I had cousins one summer who went to see the Jacksons. The way they described seeing the Jacksons perform is they remembered the first 10 minutes—when the screen came on and they were levitating in the air and all these magic tricks and what not—and they also remembered the last 15 minutes. So I knew I wanted to find my ending and my beginning, and that at all the space in between would eventually be filled. So I started off with the Stevie Wonder drum solo, and I knew that Nina Simone was the perfect exclamation point.
Why do you think the Harlem Cultural Festival was buried in our collective memory for so long?
Black erasure is a real thing, and we’re just having the conversation about it now. Via the Harlem Cultural Festival, which even a music snob like me didn’t even know about. Even down to content creators on TikTok, and how easy it is for people not to be properly credited for their innovations. I definitely knew this film was much bigger than my directorial debut—that this film was my chance to correct history.
And that’s kind of what I’m all about. I’d rather break down how a song got made rather than just play a song and you dance to it. I’m always that guy that lives for director’s commentary or correct, factual Wikinotes.
What piece of history are you most excited to share with the world?
1969 was the year we planted the seeds of what we call “Black joy.” The idea of seeing ourselves in a beautiful light, learning to love ourselves. Because previously, all indications pointed to the self-hate we’ve been going through since the days of slavery and Jim Crow. That year, we embraced our blackness and coined the phrase “Black is beautiful.”

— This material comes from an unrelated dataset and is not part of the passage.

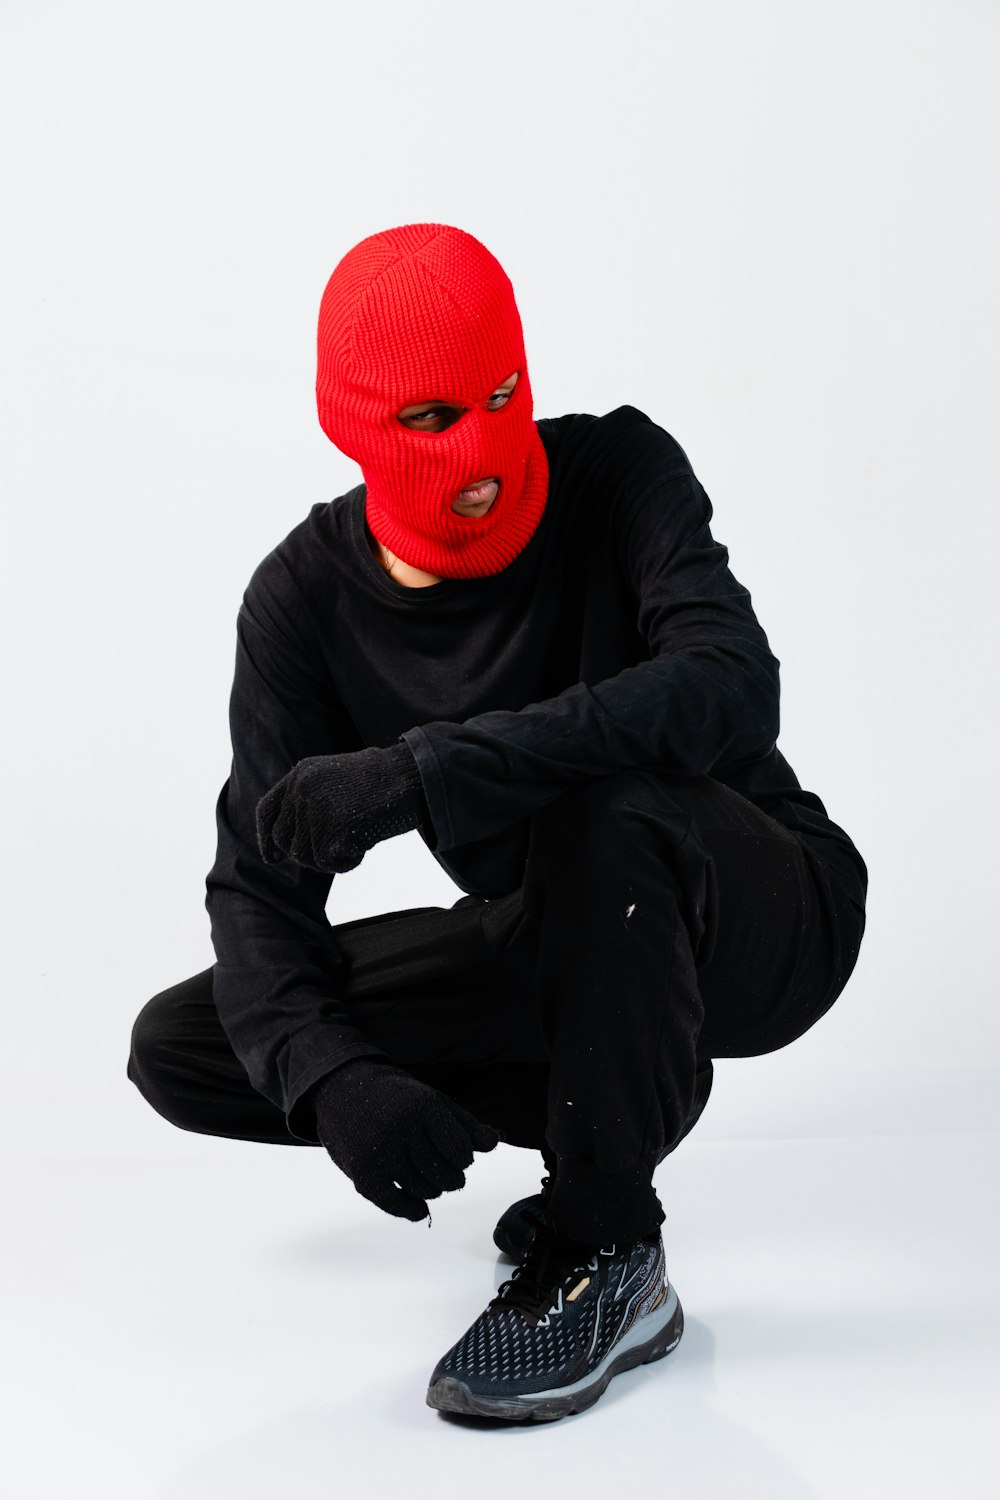 Ein Mann mit roter Maske, der auf weißem Hintergrund hockt
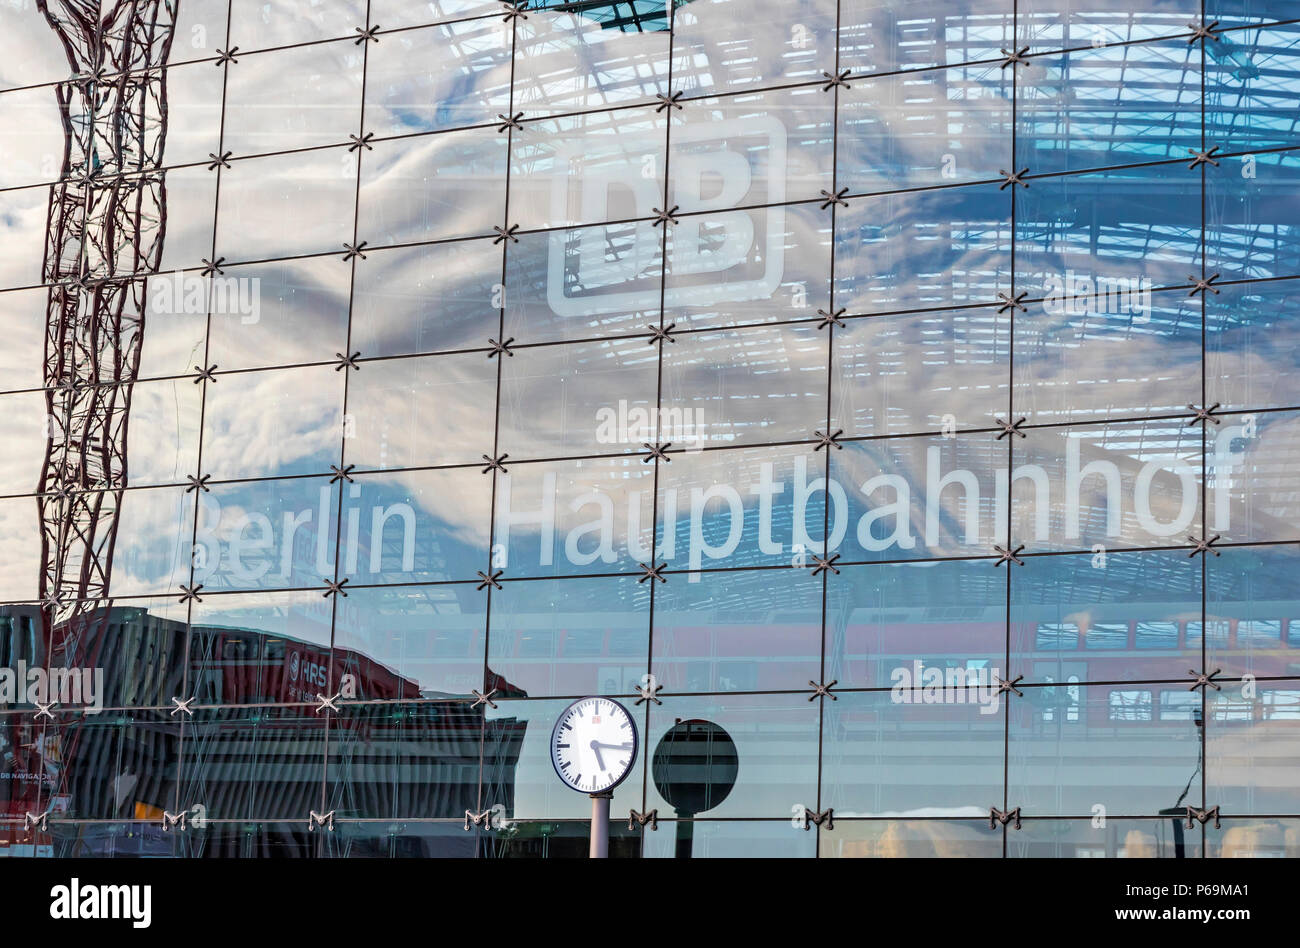 BERLIN, ALEMANIA - 20 de septiembre de 2017: Cierre de la vista de la fachada de la Estación Central de Berlín (Berlin Hauptbahnhof, Berlín Hbf), Alemania. Estación opene Foto de stock

I was reading Prince’s autobiography as I was working on this film, and he wrote about how his father taking him to see Woodstock was his “come to Jesus” moment with music. The Woodstock film did more for our ideas of what we think the ’60s were than what they actually were. I wondered: What if a film like this was created and held in the same light? What could that have been for us? So for me, it was important to really deal with the issues of Black erasure, activism and be politically on point.
You’ve been collecting cultural knowledge and history for decades. Do you find your memory hard drive filling up?
It’s so funny you say that. For me, the real joy of this film was looking through the production notes: the backline, the types of microphones they used, because II was so gobsmacked with the sound quality. And then I realized that the more useless information I take in, the more I’m going to forget other things, like what my middle name is.
As one of the world’s foremost record collectors, what’s a recent acquisition you’re excited about?
There’s a story many people don’t know about when it comes to Sly and the Family Stone’s “Stand!” With that song, the highlight is the 45-second funk workout at the end of the song. But it initially had a really cheesy Las Vegas ending. Sly took a test pressing of that 45 to Whiskey-a-Go-Go one night and played it just to see what the kids reactions were, and he was kind of disappointed. At the last minute, Sly told Clive Davis to destroy the test pressings and then redid the ending.
But there were about maybe 10 to 20,000 copies of the Las Vegas ending of Stand that no one really truly knew about. Somehow, my pals at The Tonight Show found the Las Vegas ending, and I was just like, “You found it! Not even Sly had it!” I was elated.
But right now, I’m in a silly phase of record collecting. I’m really, really into bad cheesy covers of popular songs. Someone just gave me an elevator muzak version of trap songs.
You were the musical director of this year’s Oscars. Did you script that Glenn Close “Da Butt” moment?
People don’t believe me. We kind of dropped hints that something was going to happen, but we wanted a real genuine moment. We thought we were gonna stump her with “Da Butt.” But she kind of knows what’s up. So no, it was unscripted.